The tension between the animators and Disney also contributed to the discontentment of those who chose to strike. According to Jon Lewis, "The unfair labor practices at the Disney studios resulted from a paternalistic system in which rewards and punishments were distributed according to the personal whims of Walt Disney" (24). The public perceived Disney as the sole creator behind his animations and took the credit from weary animators who spent long hours in a tense work environment. Disney created a hierarchy within the studio, which may have intentionally isolated workers and dissuade them from unionizing. However, this technique backfired as the animators united to go on strike.

In the aftermath of the strike, Disney never forgave his workers. Lewis writes, "The negative publicity attending the strike militated against long-held notions of amicable relations between supposedly dedicated animators and their Uncle Walt" (23).

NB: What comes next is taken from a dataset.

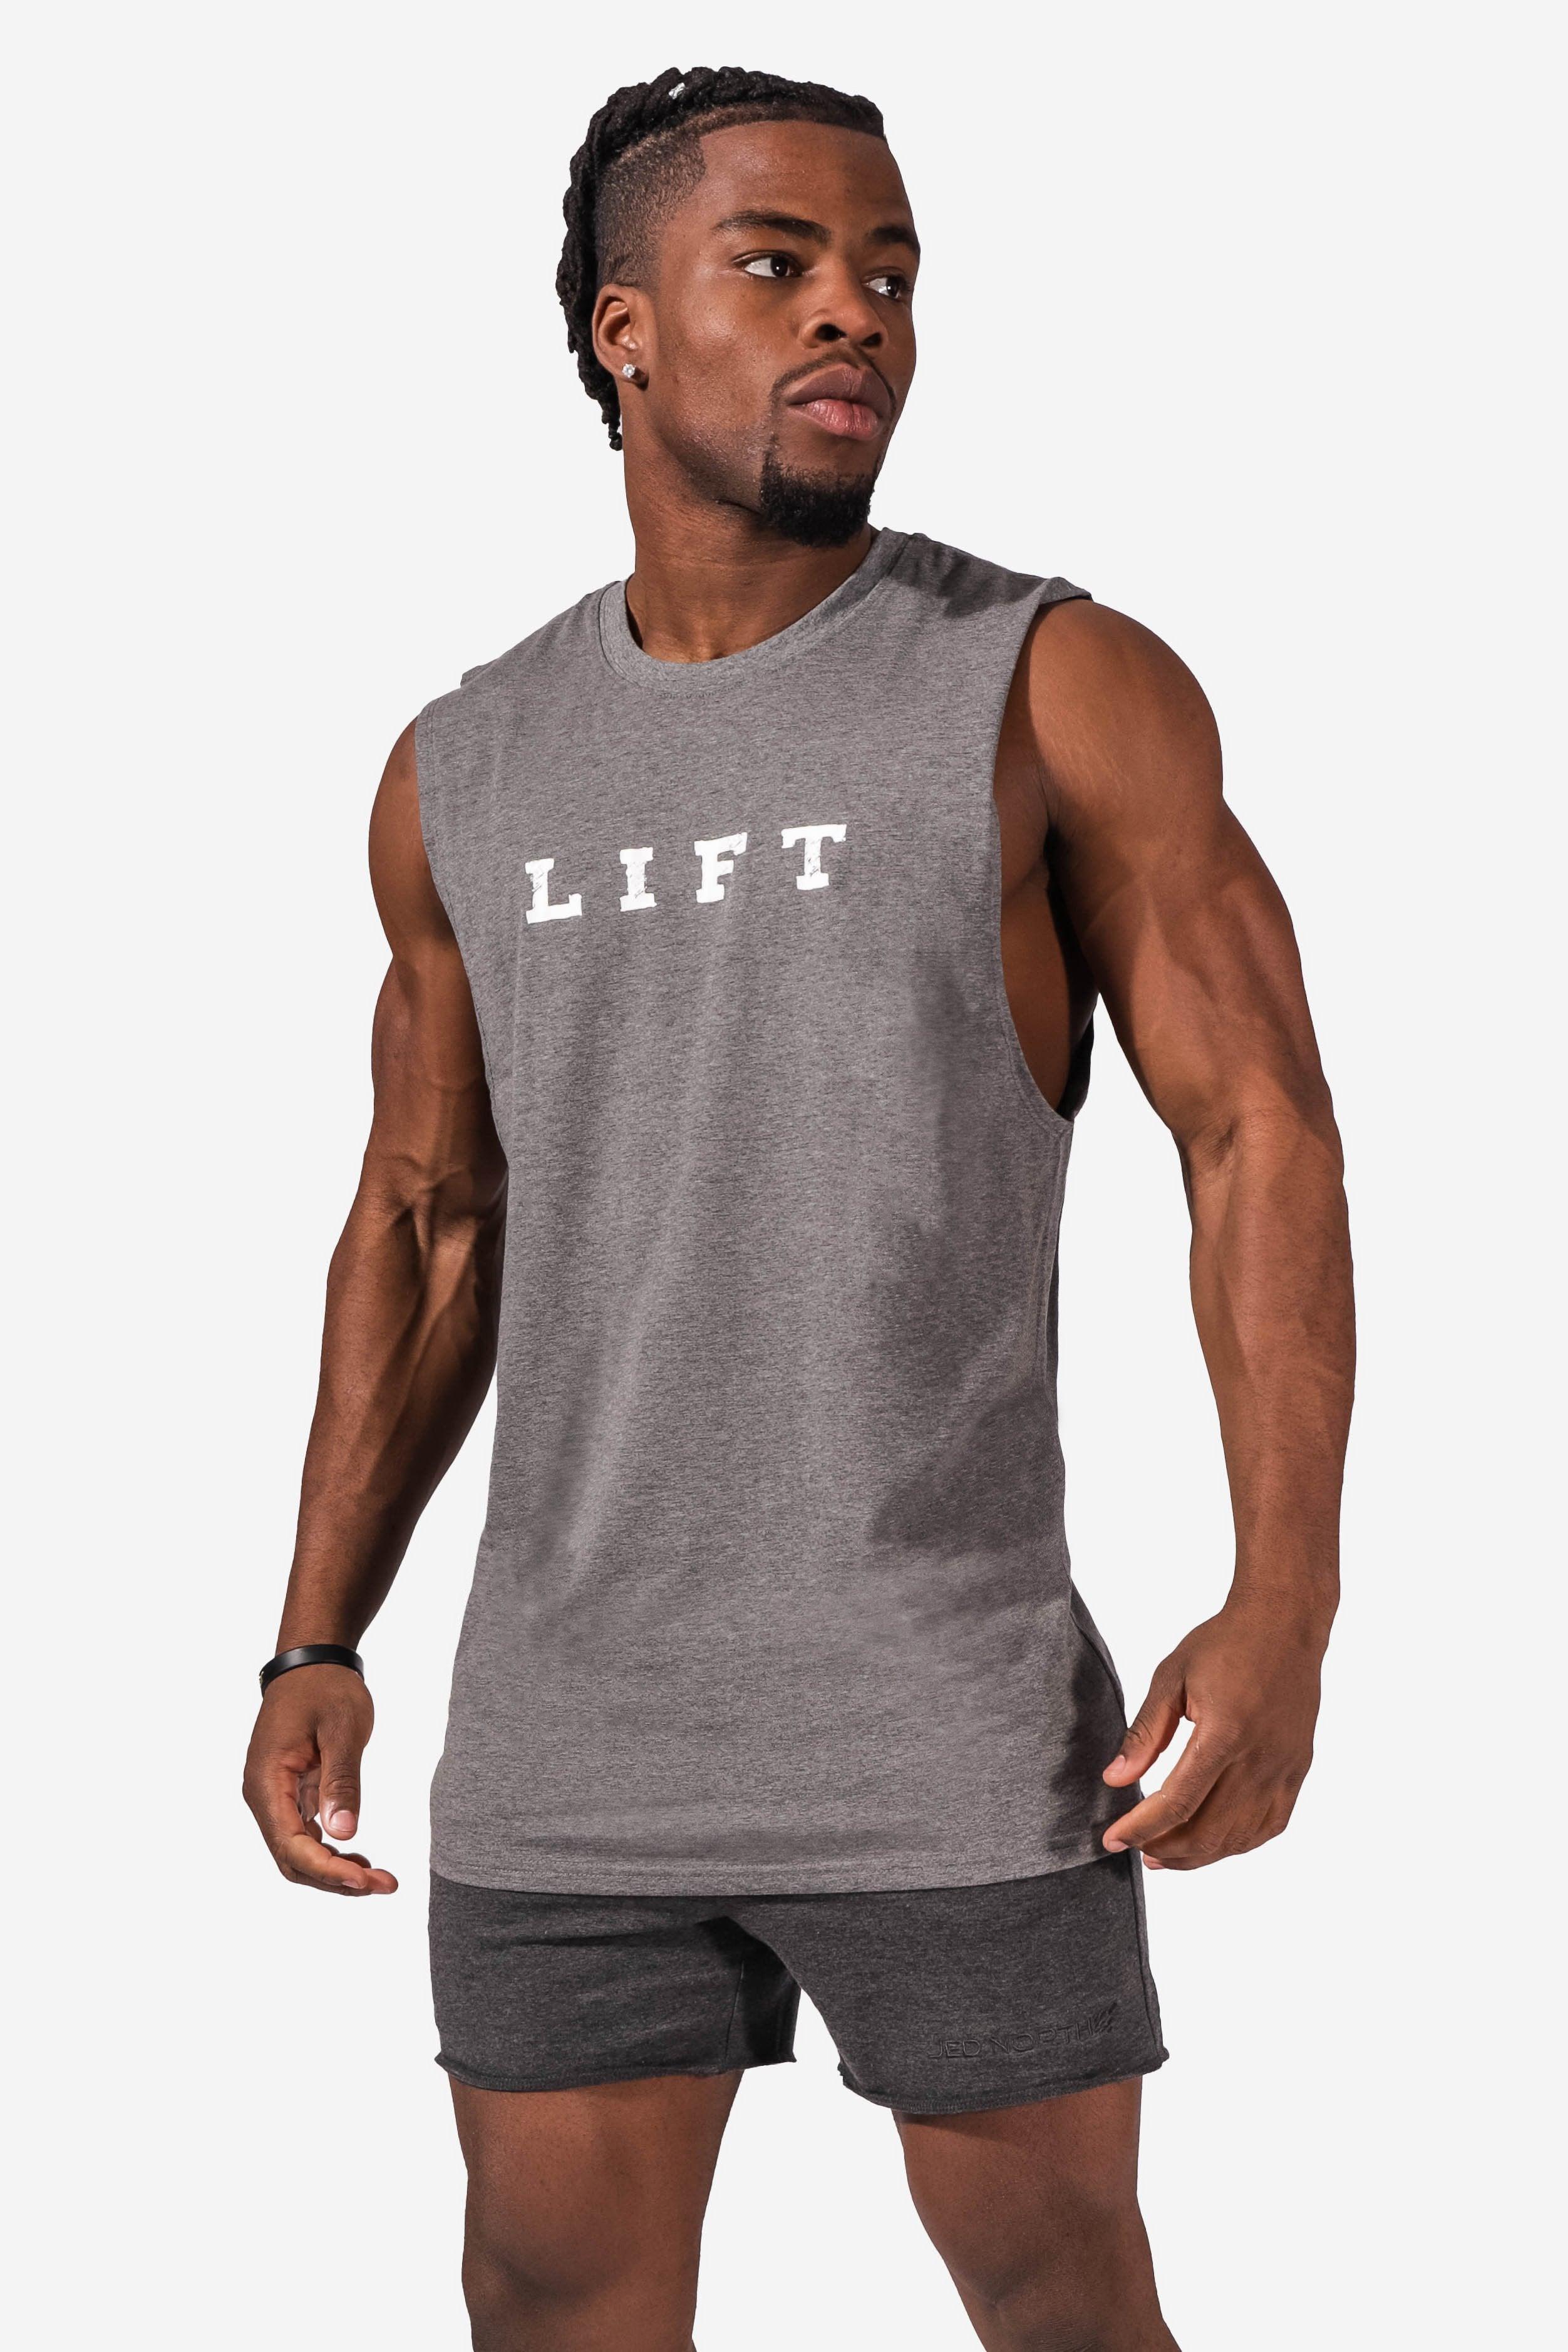 Just Gym Wear Muscle Guys Clothing Mens Loose Open Side Tank Tops

Disney felt personally attacked and betrayed by those on strike. His testimony to HUAC blacklisted some of his colleagues and attempted to destroy their public image. There were also underlying tensions between Disney and those who returned to the studio to produce war films and propaganda. The familial atmosphere disappeared, and the studio didn't regain prominence during Disney's lifetime (Lewis 23-24). Despite the Disney animators' strike, I am amazed by how the studio bounced back and has become a global media corporation.